Find the Nearest Neighbors of a Point

DESCRIPTION:

Find the k nearest neighbors of a vector x in a matrix of data contained in an object of class quad.tree.

USAGE:

find.neighbor(x, quadtree=quad.tree(x), k=1, metric="euclidean",  
              max.dist=NULL, drop.self=F) 

REQUIRED ARGUMENTS:

x
a vector (or matrix) containing the multidimensional point(s) at which the nearest neighbors are desired. The vector must have the same number of elements as the number of columns in the numeric matrix used to construct quadtree. If a matrix is used, the matrix must have the same number of columns as the numeric matrix used to construct quadtree, and nearest neighbors are found for each row in the matrix.

OPTIONAL ARGUMENTS:

quadtree
an object of class "quad.tree" containing the sorted matrix of data for which a nearest neighbor search is desired. Defaults to quad.tree(x) if x is a matrix but it is required when x is a vector.
k
the number of nearest neighbors to be found.
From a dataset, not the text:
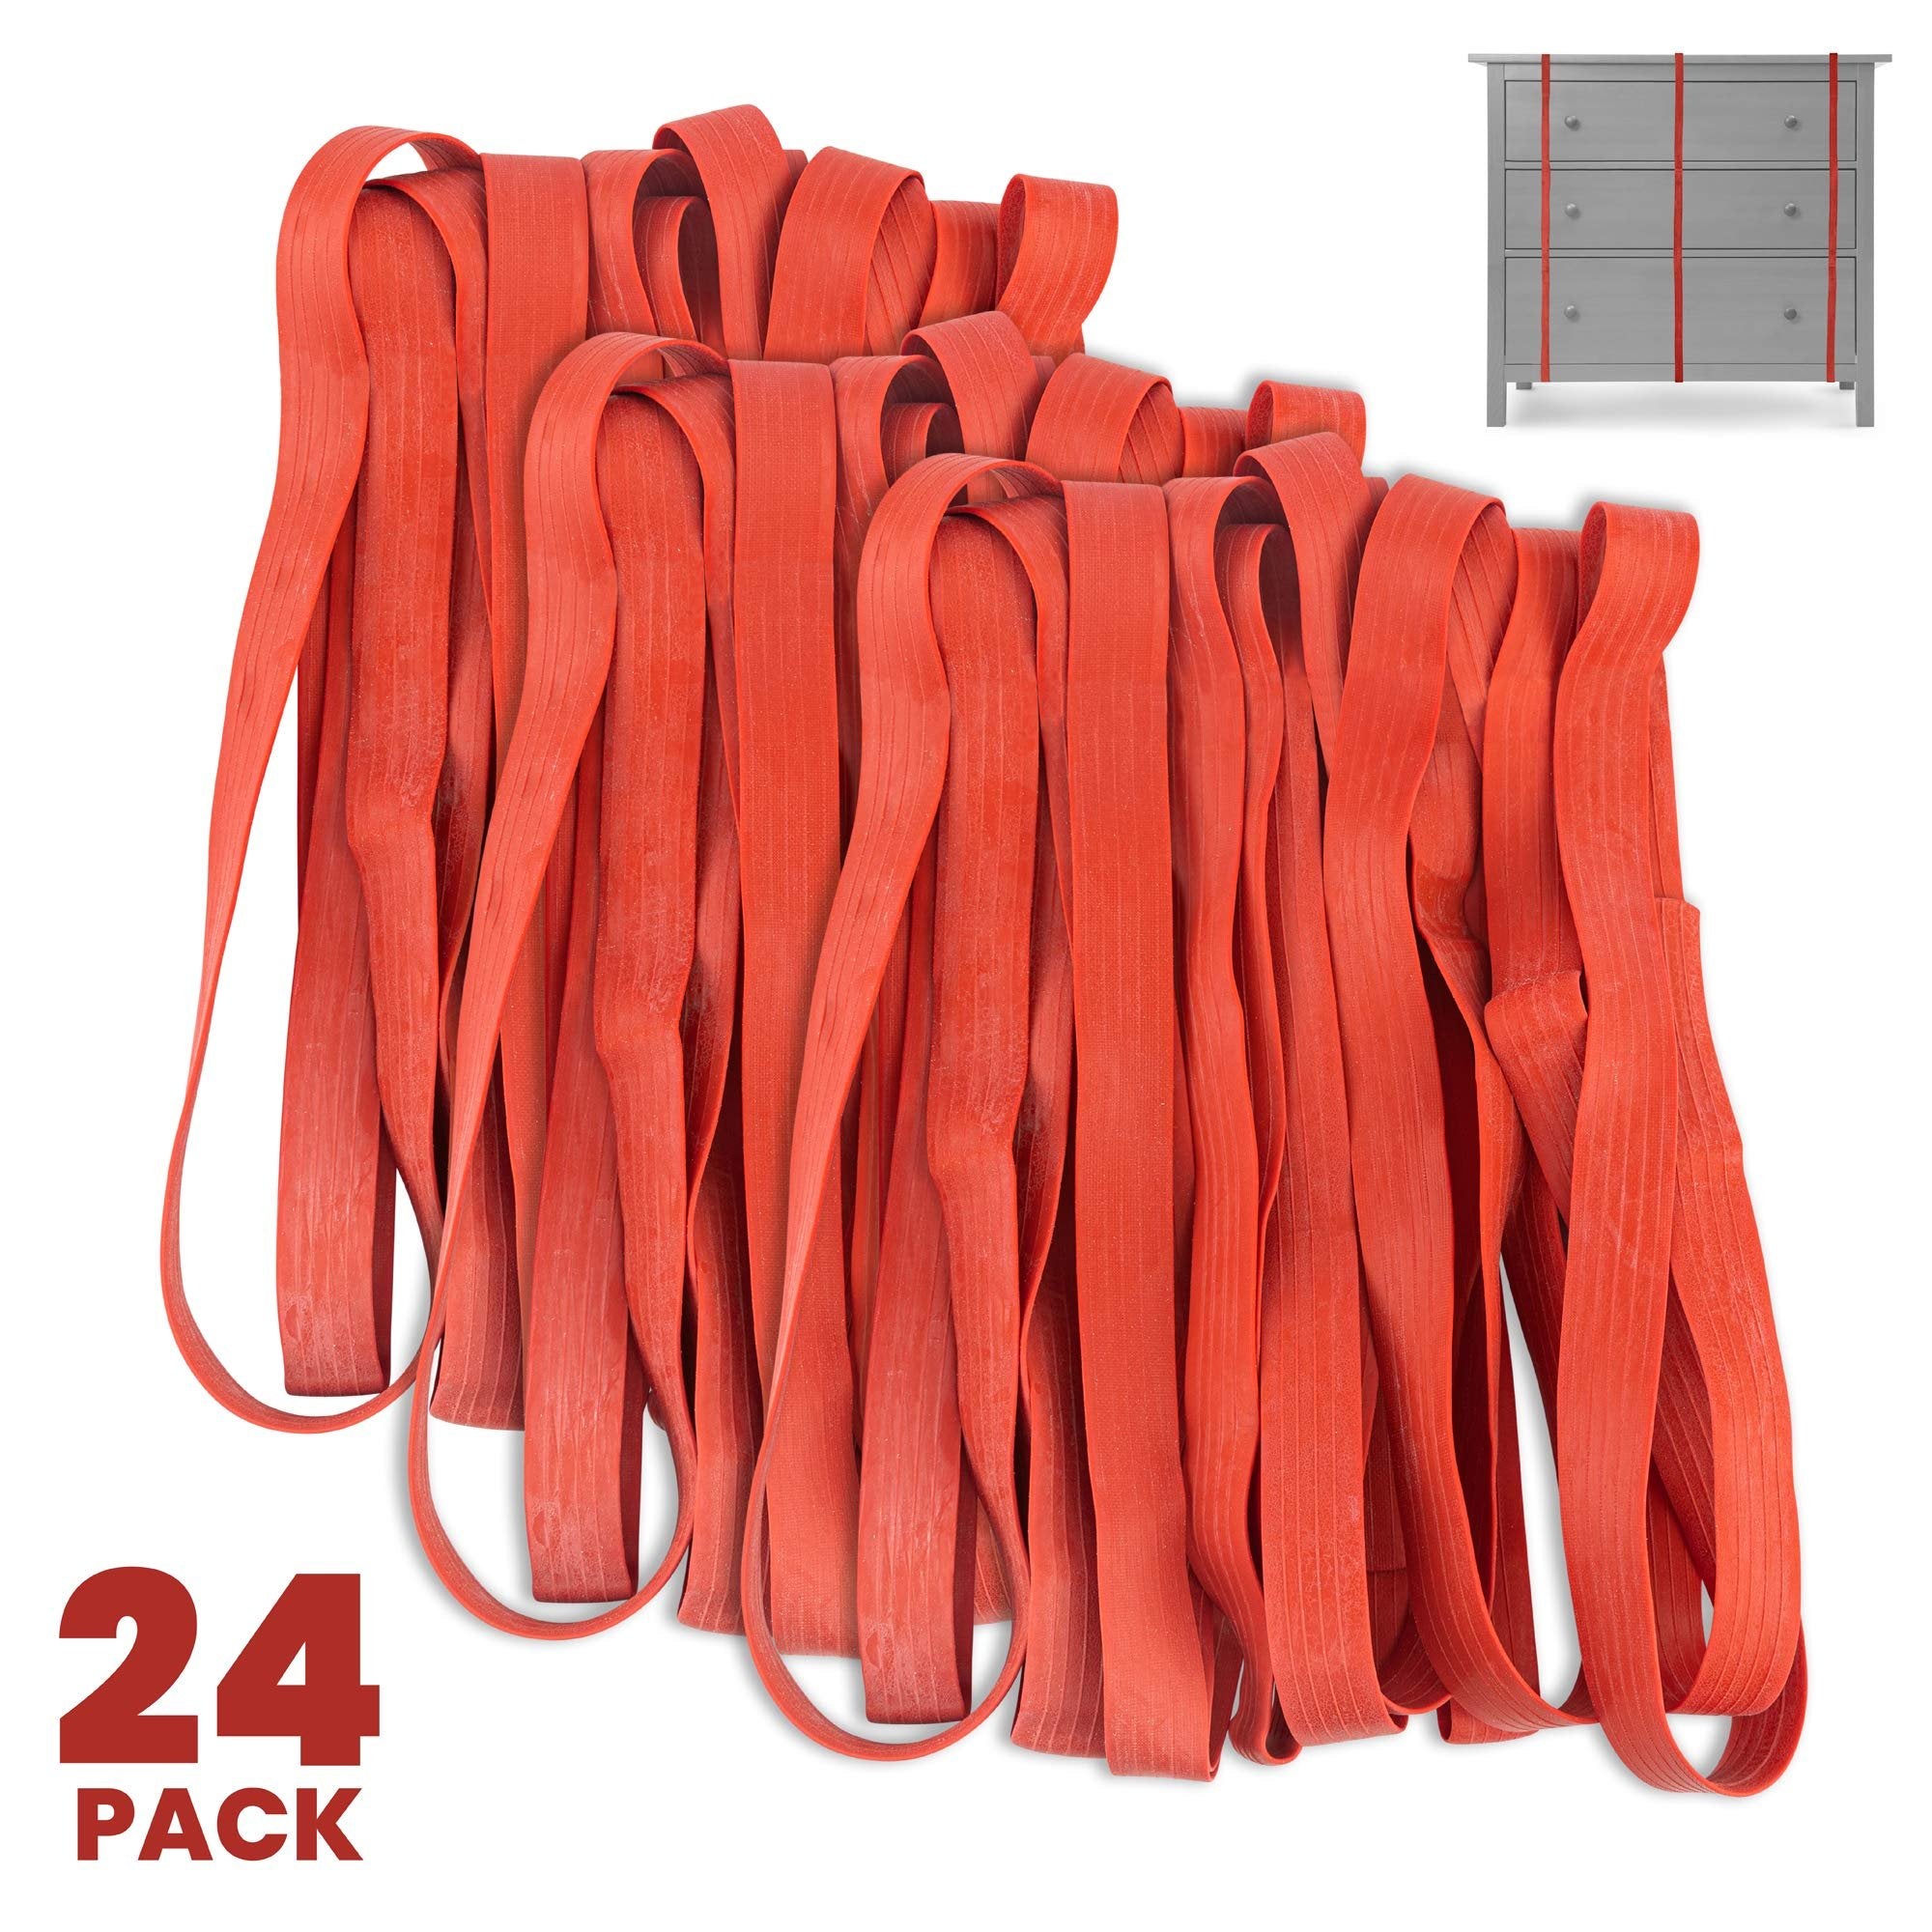 24 Pack Extra Large Mover Rubber Bands - 42" Length Extra Strength - Pallet Band or Moving Blanket Band - by Kitchentoolz (Pack of 24)

If the data x is the same data that was used to construct the " quad.tree" object, then k = 1 results in each element having itself as its own nearest neighbor.
metric
a character string giving the metric to be used when finding "nearest" neighbors. Partial matching is allowed. Possible values are: "euclidean", "city block", and "maximum absolute value" for the l_2, l_1, and l-infinity norm, respectively. For two vectors x and y, these are defined as



l_1 = sum | x[i] - y[i] |,



L_2 = sqrt(sum ( x[i] - y[i] )^2), and



L_infinity = max | x[i] - y[i] |

max.dist
if max.dist is given, argument k is ignored, and all of the neighbors within distance max.dist of each row in x are found.
drop.self
a logical value, if TRUE then rows with distances equal to 0 and index1 == index2 (self neighbors) are dropped from the returned object. This definition retains coincident points as neighbors although their distance apart is zero. If quadtree is not supplied, k=1, and drop.self=T, a warning is printed (since this results in nothing being returned) and the value of k is set to 2.

VALUE:

a matrix with three named columns:
index1
if x is a matrix, the row in x for this nearest neighbor. If x is not a matrix, the value 1.
index2
the row in the matrix from which the quad tree was formed for this nearest neighbor. If the quad tree was formed from a matrix y, then x[index1[i],] and y[index2[i],] are neighbors.
distances
the corresponding nearest neighbor distances.

DETAILS:

An efficient recursive algorithm is used to find all nearest neighbors. First the quad tree is traversed to find the leaf with medians nearest the point for which neighbors are desired. Then all observations in the leaf are searched to find nearest neighbors. Finally, if necessary, adjoining leaves are searched for nearest neighbors.

REFERENCES:

Friedman, J., Bentley, J. L., and Finkel, R. A. (1977). An algorithm for finding best matches in logarithmic expected time. ACM Transactions on Mathematical Software 3, 209-226.

SEE ALSO:

.

EXAMPLES:

x <- cbind(sids$easting, sids$northing) 
sids.nhbr <- find.neighbor(x, max.dist = 30) 
# Find the nearest neighbors for the Lansing hickories 
hickory <- lansing[lansing[,3] == "hickory", 1:2] 
hickory.nhbr1 <- find.neighbor(hickory, k=2, drop.self=T) 
# Now find the closest maple for each hickory 
maple <- lansing[lansing[,3] == "maple", 1:2] 
hmn <- find.neighbor(hickory, quad.tree(maple)) 
# and plot the tree locations with lines joing the neighbors 
par(pty='s') 
plot(maple[,1], maple[,2], pch=16)  
points(hickory[,1], hickory[,2], pch=1, col=2) 
segments(hickory[hmn[,1],1], hickory[hmn[,1],2], 
     maple[hmn[,2],1], maple[hmn[,2],2])